Diğer bir mineral kalsiyumdur ve kalsiyum süt ürünleri, kuru bakliyat ve yeşil yapraklı sebzelerde bulunur. Günlük kalsiyum ihtiyacımız gebelikte 1300 mg dır ve bir büyük bardak süt içtiğimizde (240ml) 300 mg kalsiyum almış oluruz. Magnezyum ise gebeliğin özellikle 2. yarısında mevcut bacak kramplarının giderilmesinde oldukça yararlı olacaktır.
B vitamini alımında doğal beslenme yeterli olacaktır. B vitamin en çok tam tahıllı yiyecekler, taze yeşillikler, fındık, fıstık gibi kuru yemişler ve kuru bakliyatta vardır.
İdeal kilonun üzerinde gebe kalan kadın için kaygılanmak yerine ideal bir beslenme düzenini daha kontrollü bir biçimde bir beslenme uzmanı ile kolaylıkla ayarlamak daha kolaydır. Kaygı işleri ancak zorlaştırır, kolaylaştırmaz. Normalde 2. ve 3. trimesterde gebe kadın için günde fazladan 300 kalori eklemek idealdir. Ancak ideal kilonun üzerinde gebe kalmış isek bu artışın anlamı yoktur. Gebe kadının 4. aydan sonra kilo vermeye çalışması ise kesinlikle uygun değildir.
Gebelikte ortalama kalori ihtiyacımız 2300-2400 civarındadır. Bunu tamamen kendi fiziksel durumumuz ve yaşantımızla orantılı ayarlamamız gerekir. Birçoğumuz ideal beslenmenin sınırlarını zaten çok iyi biliriz ve belki de gebelik bunun uygulanmaya başlaması için çok iyi bir fırsattır. Zira bebeğimizin iyiliği için önce biz iyi olmalıyız.
Gebelik diyabeti gibi gebelikte gelişebilen metabolik bozukluklarda da tespitin ardından beslenme uzmanı ve endokrinolojiden destek alarak beslenme kişiye özel düzenlenmelidir. Burada genel geçer kurallardan çok kişiye özel olması vurgulanmalıdır çünkü zaman zaman hastalarımız bizden beslenme için listeler istiyor ancak bu aslında tek tip insan uygulaması kaygısı getirip hedefe ulaşamıyor. Hepimizin günlük hareket ve bazal metabolizması farklı olduğu için burada işbirliği ile sonuca gidilmeli ve gebe kadının kendisini çok iyi tanıması sağlanmalıdır diye düşünüyorum.
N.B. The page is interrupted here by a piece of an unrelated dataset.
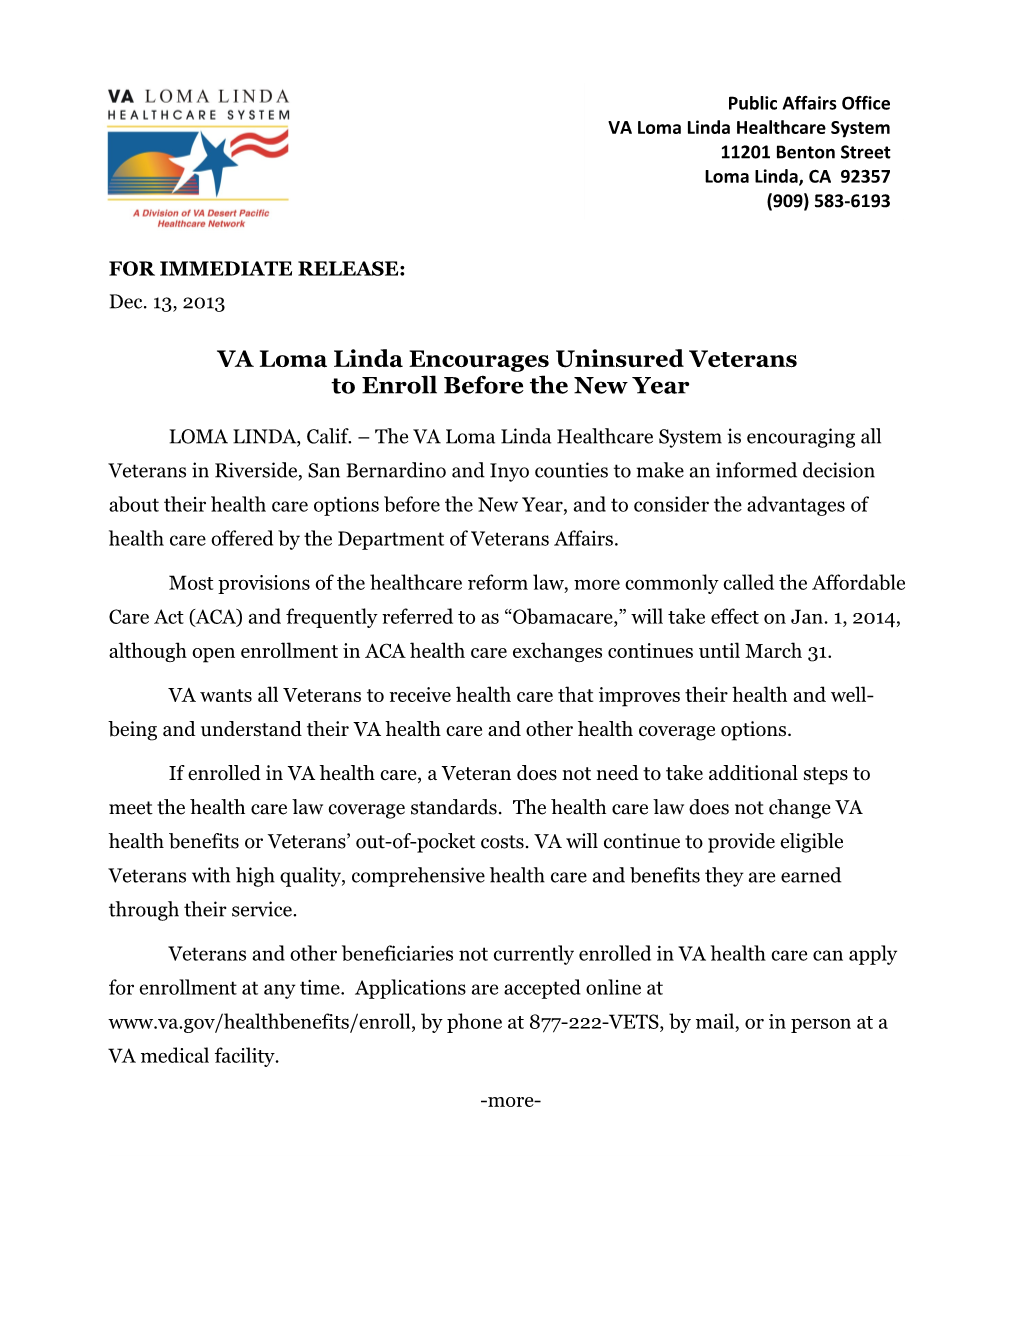 VA Loma Lindaencouragesuninsured Veterans

Son olarak da besinleri doğal mevsimlerinde tüketmek gerekliliğinin hiç unutulmamasıdır. Bütün dünyada tarım ürünlerinde artan oranlarda hormon kullanımı birçok besini dört mevsim bulunabilir hale getirmiştir. Sebze ve meyveleri mümkün olduğunca doğal ve organik ürünlerden seçmeliyiz. Neredeyse hangi besinin hangi mevsimde üretildiğinin unutulduğu bir zamanda yaşamak; hem bizler hem de çocuklarımız açısından beslenme doğasının düzenlenmesinde zorluklar yaratmaktadır. Ancak anne karnından başlayarak yaşamın her döneminde doğal beslenmenin önemi her zaman akılda tutulmalıdır.